Short sellers have piled in as shares continue to trade at 10-year lows. Over the past year the shares are down 69%. There are four institutions with disclosed short positions and 5.4% of the issued share capital was being shorted as of 28 August.

Burberry has also been relegated from the FTSE 100 (recently) after 15 years, a fate which befell fellow shorting target Ocado in June 2024.

SHORT SELLERS ON OCADO’S BACK

Despite some recent good news from the online grocery retailer concerning delivery hub expansion in Australia and Japan, five institutions are short selling Ocado.

Once a stock market darling, it has had a dramatic fall from grace. In June the company crashed out of the FTSE 100 after its valuation fell from £22 billion (at the height of the pandemic) to £3.1 billion.  

There have been rumblings about the company’s tie-up with Marks & Spencer (MKS) in the UK and about its ability to close new deals with global supermarkets – which was seen as the big growth engine for the group.

There are five individual short positions in Pennon accounting for 4.4% of the company’s shares.

In 2023, Pennon along with other water firms were under investigation from Ofwat over the dumping of raw sewage.

Southwest Water – owned by Pennon – was fined £2.1 million by the UK Environment Agency for pollution offences across Devon and Cornwall spanning a period of four years.

Now Pennon and other water utilities are locked in a battle with the regulator over the level of bill increases they will be able to levy on customers.

Management instability hasn’t helped. In July Pennon’s CFO Steve Buck stood down with immediate effect (due to personal reasons) to be replaced by Laura Flowerdew – Pennon’s third CFO in a year.

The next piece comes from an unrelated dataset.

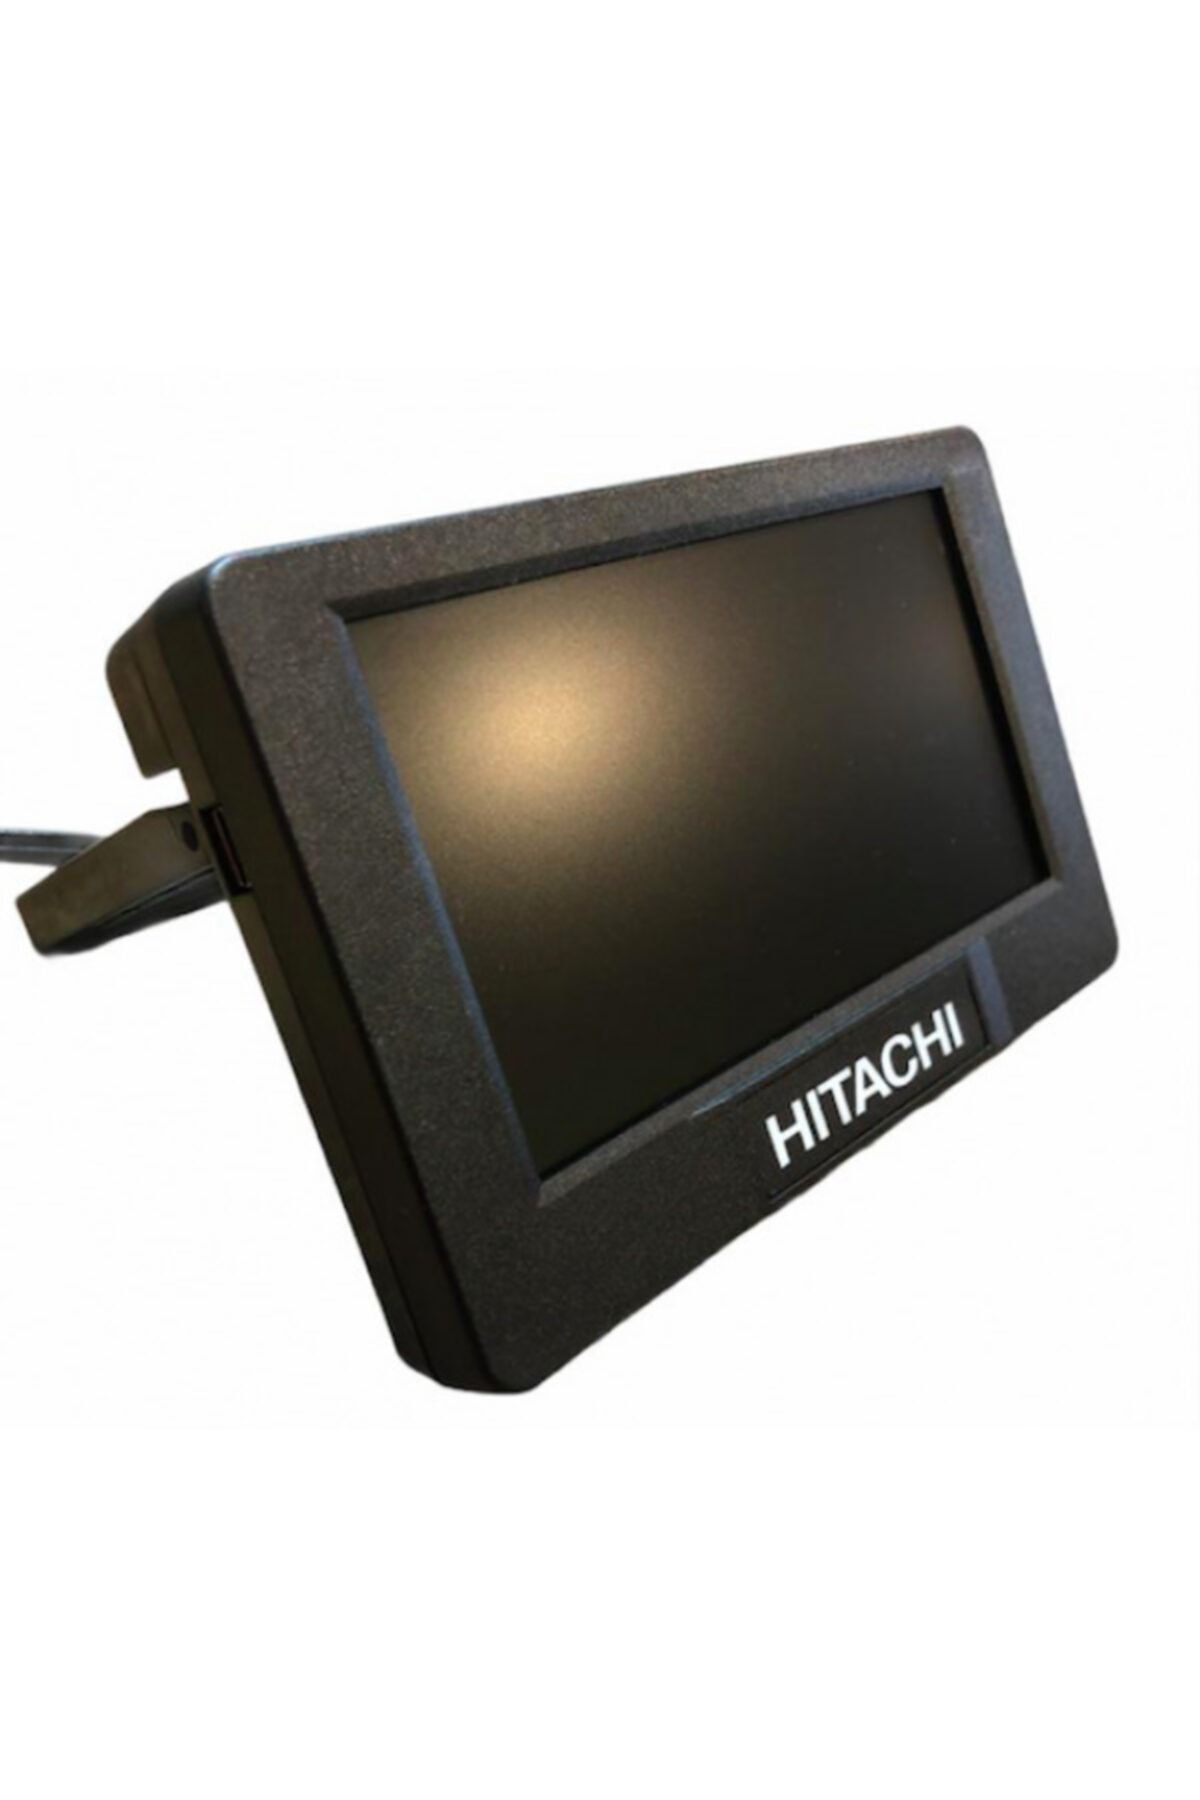 HITACHI Serisi Para Sayma Makinesi Harici Müşteri Ekranı

COULD SHORT SELLERS BE GETTING IT WRONG?

Despite the criticism they attract, short sellers do play an important role. Because a short seller’s losses are potentially unlimited they tend to do their homework and therefore they can help shine a light on problems at a company which other market observers have missed.

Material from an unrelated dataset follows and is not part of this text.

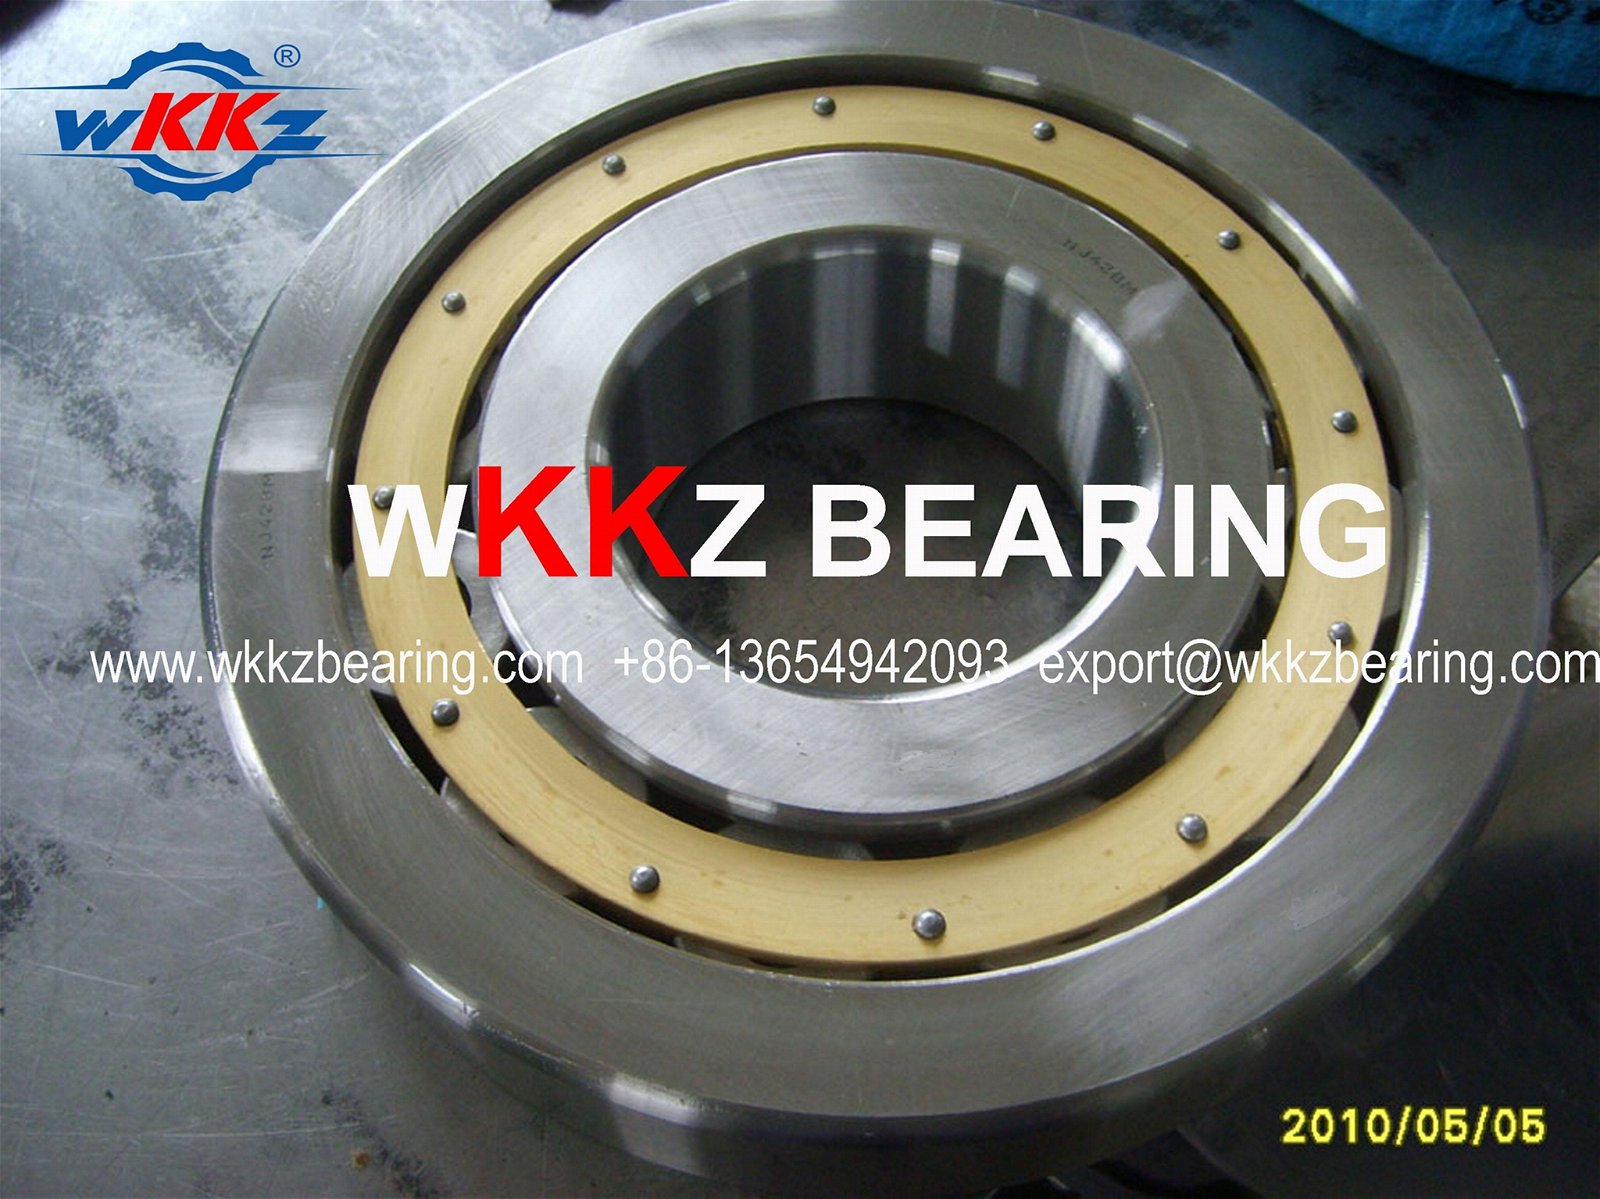 N315EMC3 Cylindrical roller bearing,WKKZ BEARING 1

That doesn’t mean they always get it right. In Shares view they are off base with Kingfisher (KGF) the home improvement giant behind B&Q and the Screwfix store chains.

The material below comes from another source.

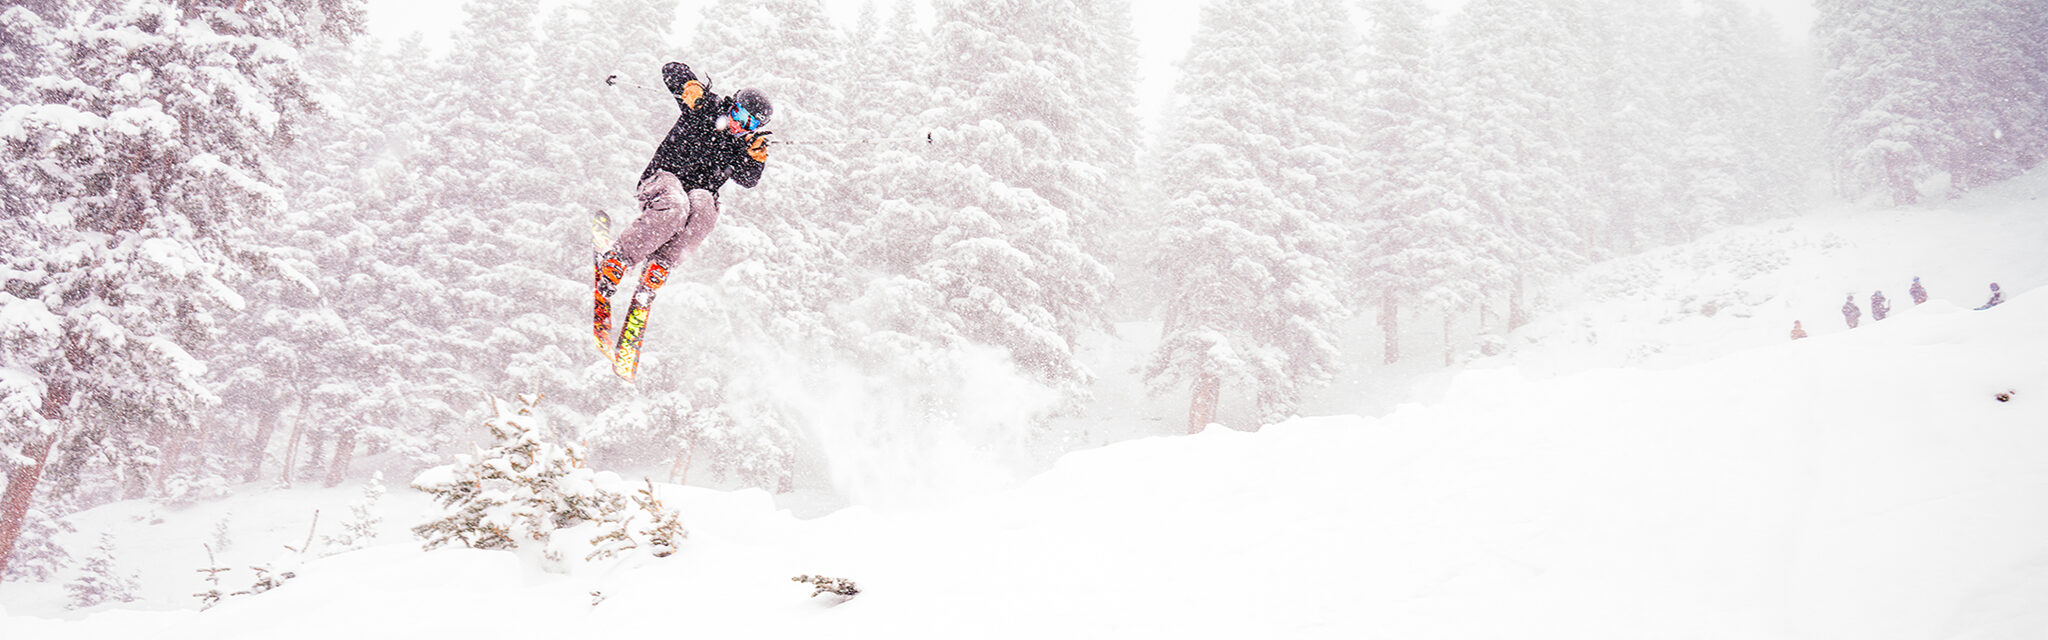 A lone skier flies sideways through the air on a snowy day.

In February we added Kingfisher to our Great Ideas portfolio against an improving backdrop.

The UK housing market is in recovery mode after the Bank of England cut interest rates on 1 August and consumer confidence has started to return.

In May, Kingfisher pleased investors by maintaining its full-year outlook even after seeing mixed sales in the three months to the end of April.

Group first-quarter sales hit £3.3 billion, an increase of 0.3% on a constant-currency basis but a dip of 0.9% on a like-for-like basis.

UK sales were up 2.6% on a reported basis and 1.2% on a like-for-like basis at £1.63 billion, with a particularly strong showing from Screwfix which saw a 6.3% increase in reported revenue thanks to new store openings on top of underlying growth.

DISCLAIMER: The author of this article (Sabuhi Gard) owns shares in Ocado.